AweAgent
June 5, 2026 · View on GitHub
AweAgent
Make Agent Research Systematic.
A unified, composable framework to build, evaluate, and train agents.
Agent research is fragmented across domains and stages: each task type tends to come with its own agent stack — code, search, terminal — and moving to RL usually requires rebuilding the rollout pipeline. Nothing carries over. AweAgent brings these pieces into one composable framework for building, evaluating, and training agents.
AweAgent's core capabilities:
- Unified across task types — search, code, and terminal agents run on the same execution core, with task-specific behavior composed through reusable interfaces instead of separate stacks.
- Composable agent harnesses — an agent is split into a
step(ctx) -> actionpolicy, the loop that runs it, and a context bus that carries state and dependencies; build new agents by recomposing these parts instead of forking the engine. - Protocol-centered extensibility — LLM backends, tools, runtime sandboxes, agent scaffolds, tool backends, and evaluators are exposed through small protocols and entry-point registries; register a new component instead of patching the core engine.
- Evaluation & trajectories as first-class data — every run emits a structured result plus the full trajectory; code tasks can be evaluated in isolated Docker runtimes, and the experimental training path can collect token-level rollout data (loss mask · logprobs · weight versions).
:newspaper: News
[2026-06-04]🎉 Added DeepSearch & IterResearch scaffolds + BrowseComp support.[2026-05-10]🎉 Added NL2Repo and SWE-bench Pro task support.[2026-03-16]🎉 Added unified LLM backends (openai/azure/response/ark/anthropic/sglang) with multi-provider reasoning support (docs).[2026-03-15]🎉 Added Terminus-2 scaffold with Terminal-Bench 2.0 support.[2026-03-01]🎉 Initial release with SearchSWE scaffold with BeyondSWE & ScaleSWE.
:jigsaw: Scaffolds
Reference agents shipped in-tree, all on the shared core.
| Scaffold | Type | Highlight | Resources |
|---|---|---|---|
| OpenHands-style | coding | CodeAct-XML coding agent, behavior-compatible with OpenHands (search off) | code |
| SearchSWE | coding | SWE coding agent with web search & fetch — fixes repo issues, pulls in external docs | code |
| DeepSearch | deep search | Base web-research QA agent; retry-until-answerable loop policy | code |
| IterResearch | deep search | Deep search + interaction scaling for long, multi-step research | code |
| Terminus-2 | terminal | tmux terminal agent driven by raw JSON keystrokes, on the standard loop | code |
OpenHands-style and SearchSWE are the same scaffold (search_swe), one enable_search flag apart — listed separately because they behave differently.
:clipboard: Benchmarks
| Benchmark | Description | Scaffold | Evaluation | Resources |
|---|---|---|---|---|
| BeyondSWE | Doc2Repo · CrossRepo · DepMigrate · DomainFix | SearchSWE / OpenHands | isolated Docker patch test | data · guide |
| ScaleSWE | large-scale SWE-bench-style data | SearchSWE / OpenHands | isolated Docker patch test | data · guide |
| SWE-bench-Pro | extended SWE-bench code tasks | SearchSWE / OpenHands | isolated Docker patch test | guide |
| NL2Repo | build a repo from a natural-language spec | SearchSWE / OpenHands | isolated Docker (artifact + golden tests) | guide |
| Terminal-Bench 2.0 | terminal tasks in containers | Terminus-2 | same-container reward | repo · guide |
| BrowseComp | web-search QA | DeepSearch / IterResearch | LLM-as-Judge | guide |
:world_map: Roadmap
Long-term goal: practical, general-purpose agents optimized with reinforcement learning.
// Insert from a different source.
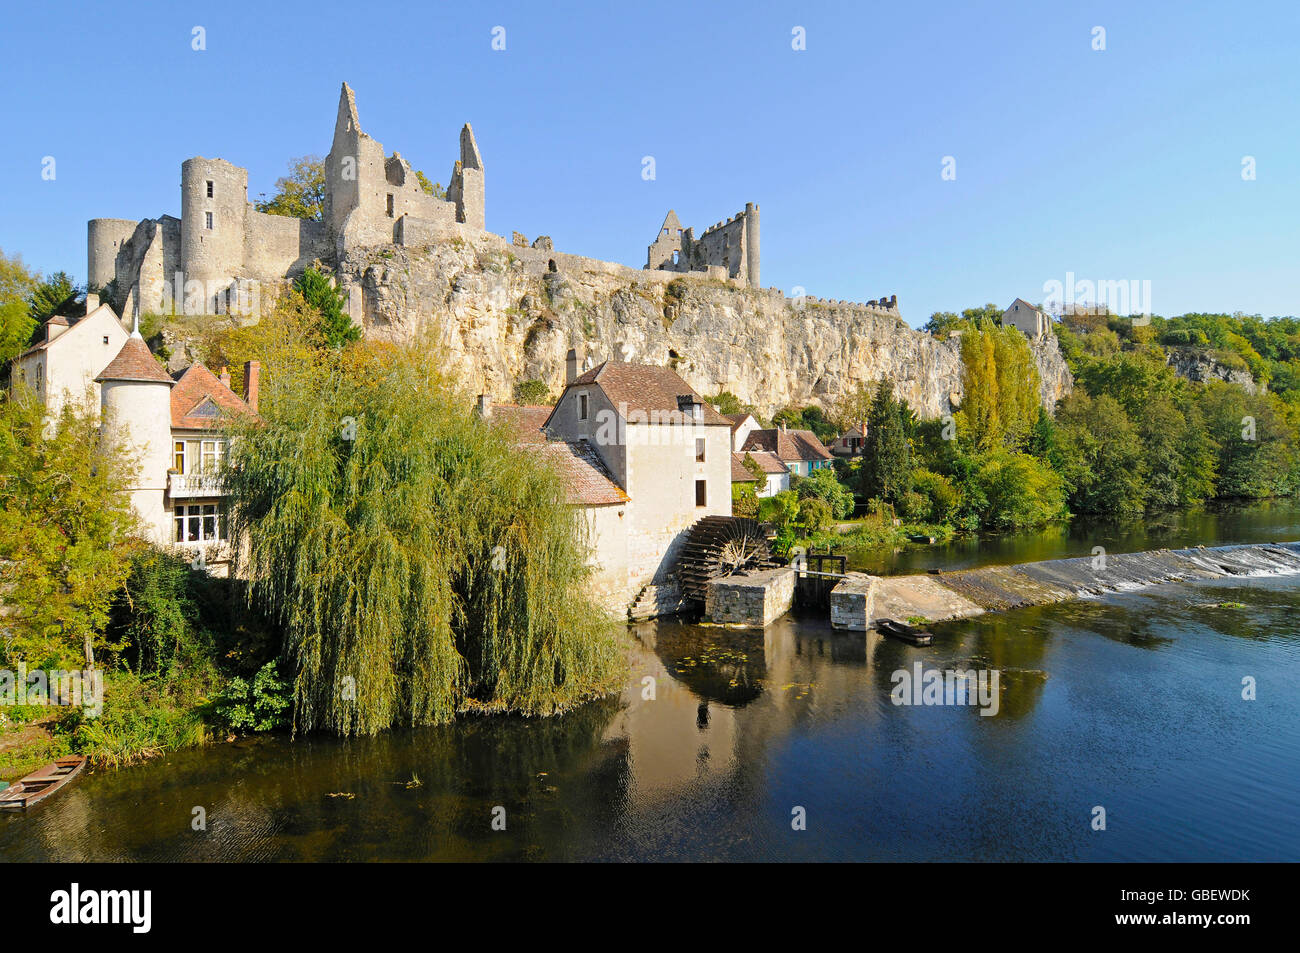 Château, moulin à eau, rivière Anglin, angles sur l'Anglin, Poitiers, Departement Vienne, Poitou-Charentes, France Banque D'Images

Shipped so far — the four scaffolds and six benchmarks above. Next:
- Multi-agent — multi-agent collaboration and orchestration on the shared core
- RL training — reinforcement-learning rollouts via Slime with an SGLang rollout engine (experimental today)
:rocket: Installation
Requires Python 3.11+ and Docker (for sandboxed execution and isolated evaluation).
uv (recommended)
curl -LsSf https://astral.sh/uv/install.sh | sh
git clone https://github.com/AweAI-Team/AweAgent.git && cd AweAgent
uv venv --python 3.11 && source .venv/bin/activate
uv pip install -e .
pip
git clone https://github.com/AweAI-Team/AweAgent.git && cd AweAgent
python -m venv .venv && source .venv/bin/activate
pip install -e .
A single pip install -e . runs every scaffold and benchmark, and all LLM backends except Volcengine Ark, out of the box. Optional extras: ".[ark]" (Volcengine Ark backend) · ".[dev]" (pytest · ruff · mypy).
Why editable (
-e)? You're installing from source and will likely tweak agents, tools, or configs —-emakes changes take effect without reinstalling. Verify everything is registered withawe-agent info.
:arrow_forward: Running a Benchmark
Download data
Datasets download through one script, run from the repo root. Data lands under datasets/<task>/ — the path each task config defaults to — so afterward you can run with no extra env vars.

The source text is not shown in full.